You can find several expositions of the "Law of Cosines" for spherical trigonometry in our Dr. Math Archives. For example:

Using Longitude and Latitude to Determine Distance
http://mathforum.org/library/drmath/view/51711.html

Distance using Latitude and Longitude
http://mathforum.org/library/drmath/view/54680.html

But a correspondent recently directed our attention to a Web site,

The Geographic Information Systems FAQ (See Q5.1)
http://www.faqs.org/faqs/geography/infosystems-faq/

This site points out that the cosine formula does not give accurate results for small distances, and presents a better formula, the Haversine Formula. The form of the Haversine Formula that uses the atan2() function is probably best for programming, assuming your programming language has an atan2() function. I will copy some excerpts here for your convenience, but I recommend looking at the site for the other information you will find there.

This is an old page from 1997, and not very user-friendly (search for Q5.1)!

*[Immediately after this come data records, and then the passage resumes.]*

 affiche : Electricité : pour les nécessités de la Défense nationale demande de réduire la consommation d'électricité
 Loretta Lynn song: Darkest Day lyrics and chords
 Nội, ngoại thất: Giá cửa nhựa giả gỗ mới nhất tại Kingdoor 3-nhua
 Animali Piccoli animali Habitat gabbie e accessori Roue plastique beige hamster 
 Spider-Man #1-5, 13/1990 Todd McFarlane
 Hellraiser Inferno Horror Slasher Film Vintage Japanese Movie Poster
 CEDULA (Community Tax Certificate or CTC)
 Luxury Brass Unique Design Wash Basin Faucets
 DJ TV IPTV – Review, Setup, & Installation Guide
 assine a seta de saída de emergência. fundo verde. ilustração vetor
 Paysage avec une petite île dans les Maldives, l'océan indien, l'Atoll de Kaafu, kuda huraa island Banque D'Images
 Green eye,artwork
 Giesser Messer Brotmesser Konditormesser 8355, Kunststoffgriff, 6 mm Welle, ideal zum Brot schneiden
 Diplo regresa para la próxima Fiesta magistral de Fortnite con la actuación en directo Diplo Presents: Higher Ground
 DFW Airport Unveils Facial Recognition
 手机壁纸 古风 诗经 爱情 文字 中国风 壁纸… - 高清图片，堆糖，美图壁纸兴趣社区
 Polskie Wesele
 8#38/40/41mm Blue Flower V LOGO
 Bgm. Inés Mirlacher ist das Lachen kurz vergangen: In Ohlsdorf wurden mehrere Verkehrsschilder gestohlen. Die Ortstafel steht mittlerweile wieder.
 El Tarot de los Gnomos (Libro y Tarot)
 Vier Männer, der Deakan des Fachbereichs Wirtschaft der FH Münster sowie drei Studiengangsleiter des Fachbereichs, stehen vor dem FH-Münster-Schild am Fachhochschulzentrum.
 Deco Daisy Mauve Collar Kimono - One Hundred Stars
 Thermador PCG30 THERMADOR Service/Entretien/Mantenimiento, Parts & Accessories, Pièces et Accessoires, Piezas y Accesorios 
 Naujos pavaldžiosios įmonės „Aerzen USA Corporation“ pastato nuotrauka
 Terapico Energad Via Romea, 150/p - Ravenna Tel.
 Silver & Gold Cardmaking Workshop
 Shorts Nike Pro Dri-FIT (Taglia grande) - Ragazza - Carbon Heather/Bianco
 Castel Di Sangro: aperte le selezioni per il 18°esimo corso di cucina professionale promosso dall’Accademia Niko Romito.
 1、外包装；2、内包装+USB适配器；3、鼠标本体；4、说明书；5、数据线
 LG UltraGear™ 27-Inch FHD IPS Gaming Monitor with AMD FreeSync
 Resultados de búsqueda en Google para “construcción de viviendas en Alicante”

A somewhat better 2001 version can be found here, and the part with the formulas is here.

Note that in the description that follows, atan2(y, x) = arctan(y/x). However, there does seem to be some confusion about the order of the arguments. C/C++ puts the arguments in the order that I assume, as indicated by the Unix man page as well as the Visual C++ Programmer's Guide. On the other hand, Excel describes the function (not too clearly) as "ATAN2(x_num, y_num) returns the arctangent of the specified x- and y-coordinates, in radians." I tested it, and indeed it takes the denominator x first.

This is an issue we’ve dealt with a number of times in recommending formulas in Excel. This function returns the angle in standard position through the point (x, y); it is understandable that Excel would have you enter the coordinates of the point in that order, but it also makes sense to put the arguments in the order (y, x) to make a direct replacement for “atan(y/x)”, the arctangent of the slope. The difference between the two is that atan2 produces an angle in the appropriate quadrant, as atan can’t.

### Just the FAQ

What follows was copied in condensed form from the source (which differed a little from the current version):

Presuming a spherical Earth with radius R (see below), and that the locations of the two points in spherical coordinates (longitude and latitude) are lon1,lat1 and lon2,lat2, then the Haversine Formula (from R. W. Sinnott, "Virtues of the Haversine," Sky and Telescope, vol. 68, no. 2, 1984, p. 159):

dlon = lon2 - lon1
dlat = lat2 - lat1
a = (sin(dlat/2))^2 + cos(lat1) * cos(lat2) * (sin(dlon/2))^2
c = 2 * atan2(sqrt(a), sqrt(1-a))
d = R * c

will give mathematically and computationally exact results. The intermediate result c is the great circle distance in radians. The great circle distance d will be in the same units as R.

The current version does not include this atan2 version of the formula, but only the other version, using an arcsin with “bulletproofing” to prevent errors under special conditions (“nearly antipodal” points); the atan2 version doesn’t need that protection. We’ll look at that later.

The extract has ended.